20
$\begingroup$

I found this problem in a textbook of abstract algebra:

Let $H$ be a subgroup of $G$. Prove that $\{x\in G:xHx^{-1}\subseteq H\}$ is a subgroup of $G$.

It's easy to prove that the set is closed under multiplication, but I'm stuck on proving that it is closed under inverses.

If $H$ is finite, say $H=\{a_1,\ldots,a_n\}$, suppose $x$ is an element of the set. Then $xa_1x^{-1},\ldots,xa_nx^{-1}$ are all distinct, hence they are exactly $a_1,\ldots,a_n$, in some order. Therefore any element $b\in H$ can be written as $xcx^{-1}$ for some $c\in H$, and hence $x^{-1}bx=x^{-1}(xcx^{-1})x=c$ is also in $H$. So $x^{-1}$ is also an element of the set.

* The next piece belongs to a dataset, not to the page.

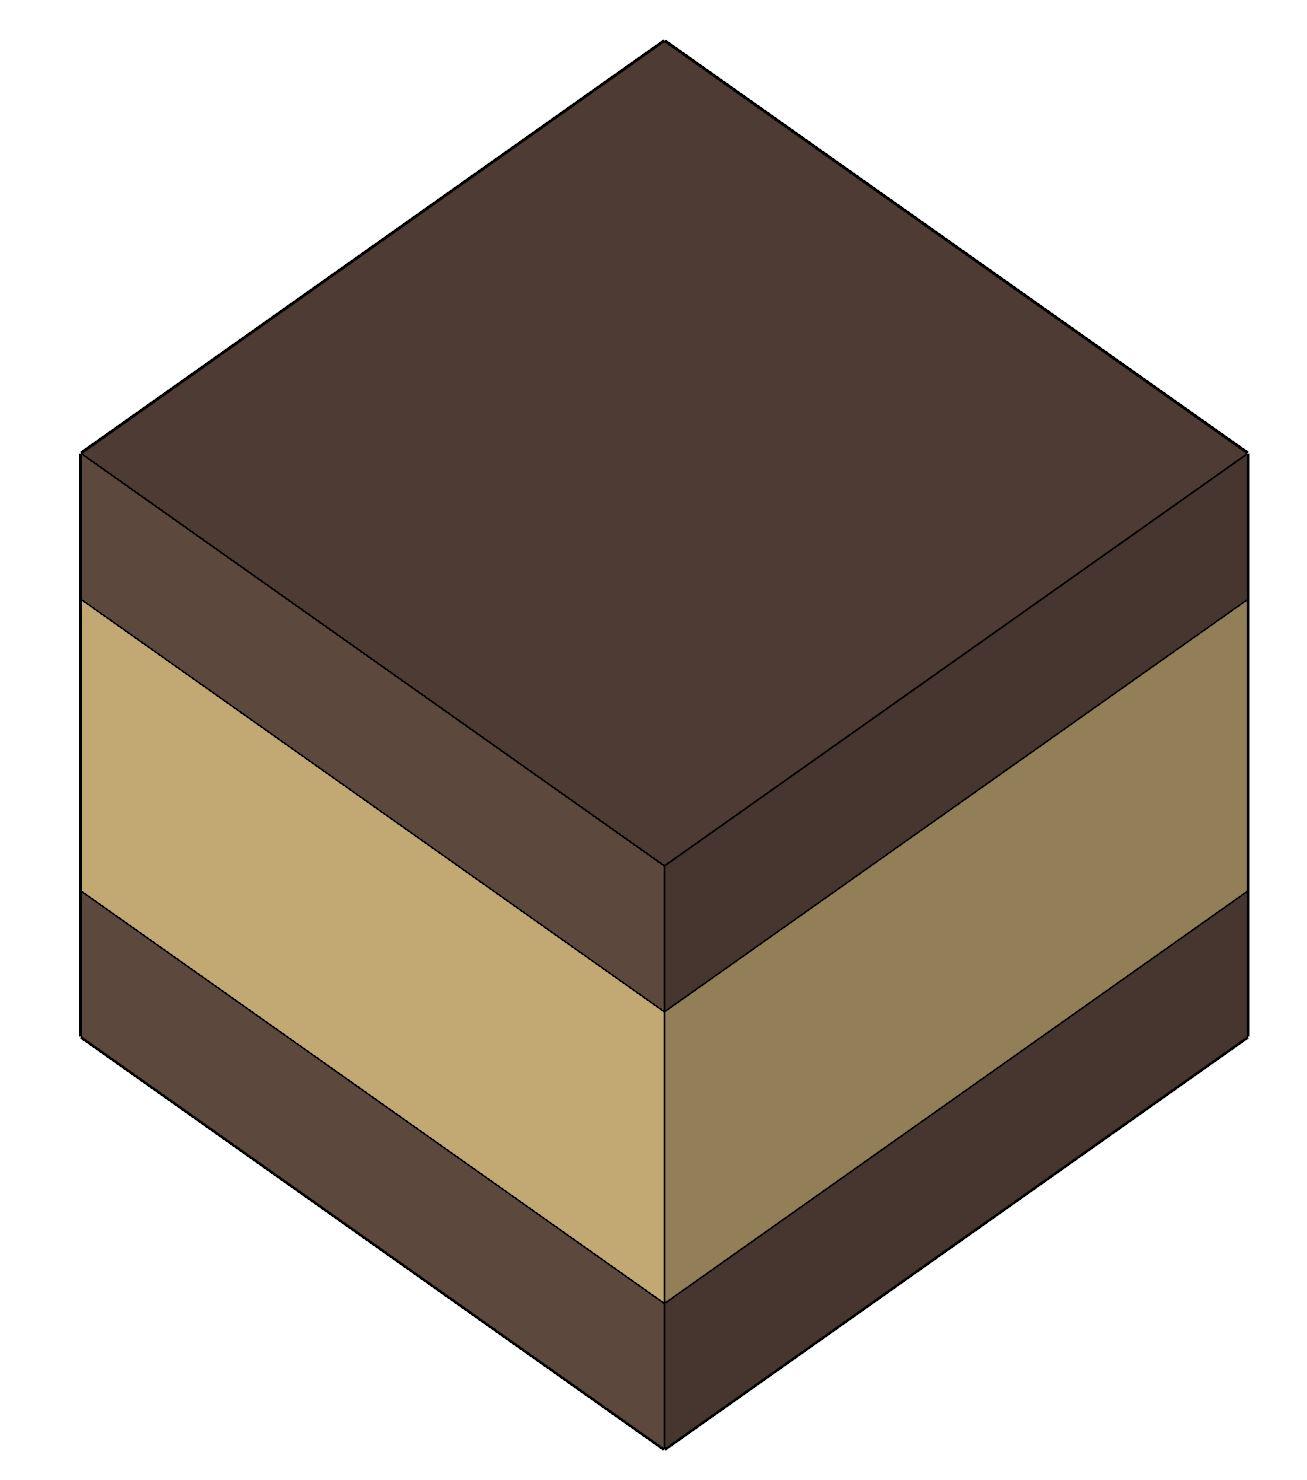 CHOCOLATE - MOCHA

However, the above method does not work if $H$ is infinite. The main idea is to prove that $x^{-1}ax\in H$ for every $a\in H$, given that $xax^{-1}\in H$ for every $a\in H$. I was trying to do some substitutions of $a$ to get the required result, but I can't seem to get the $x^{-1}$ to the left.

Any help would be appreciated. It may be worth mentioning that I just started learning this group theory thing for a few days, so please adjust your explanation accordingly.

Thanks in advance.

1 Answers 1

24

The reason you are having trouble proving it is that it is not true as stated.

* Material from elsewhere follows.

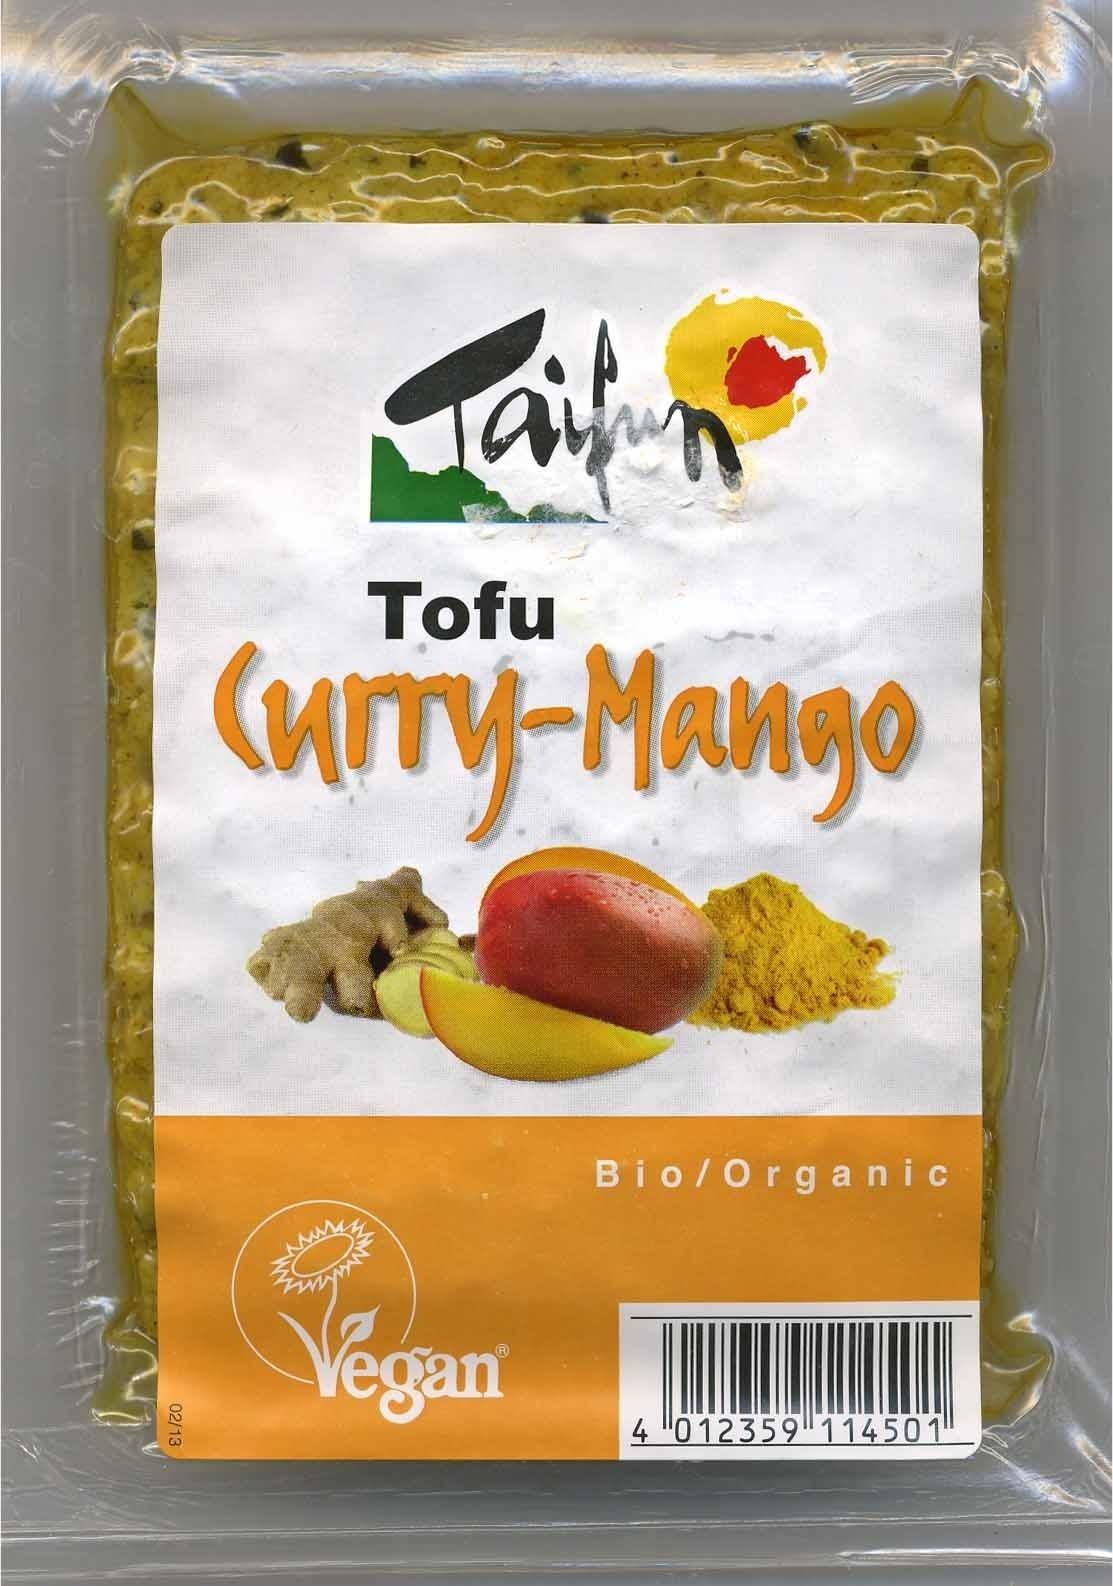 Tofu Curry-Mango - Producto - es

For a heavy-handed example, let $G$ be the free group on $x$ and $y$, and let $H$ be the subgroup generated by all elements of the form $x^nyx^{-n}$ with $n\gt 0$.

Then for any $a\in H$ we have $xax^{-1}\in H$. However, $x^{-1}yx\notin H$, because any element of $H$ is a word that starts with a nonnegative power of $x$.

To fix the problem, you would need to require $xHx^{-1}=H$, rather than $xHx^{-1}\subseteq H$. Then your argument would go through in the infinite case as well.


Okay, here's an example you can get your hands on (courtesy my Math 257 notes with T.Y. Lam, Spring 97):

Let $G$ be the group of all invertible $2\times 2$ matrices with coefficients in $\mathbb{Q}$, $G=\mathrm{GL}_2(\mathbb{Q})$.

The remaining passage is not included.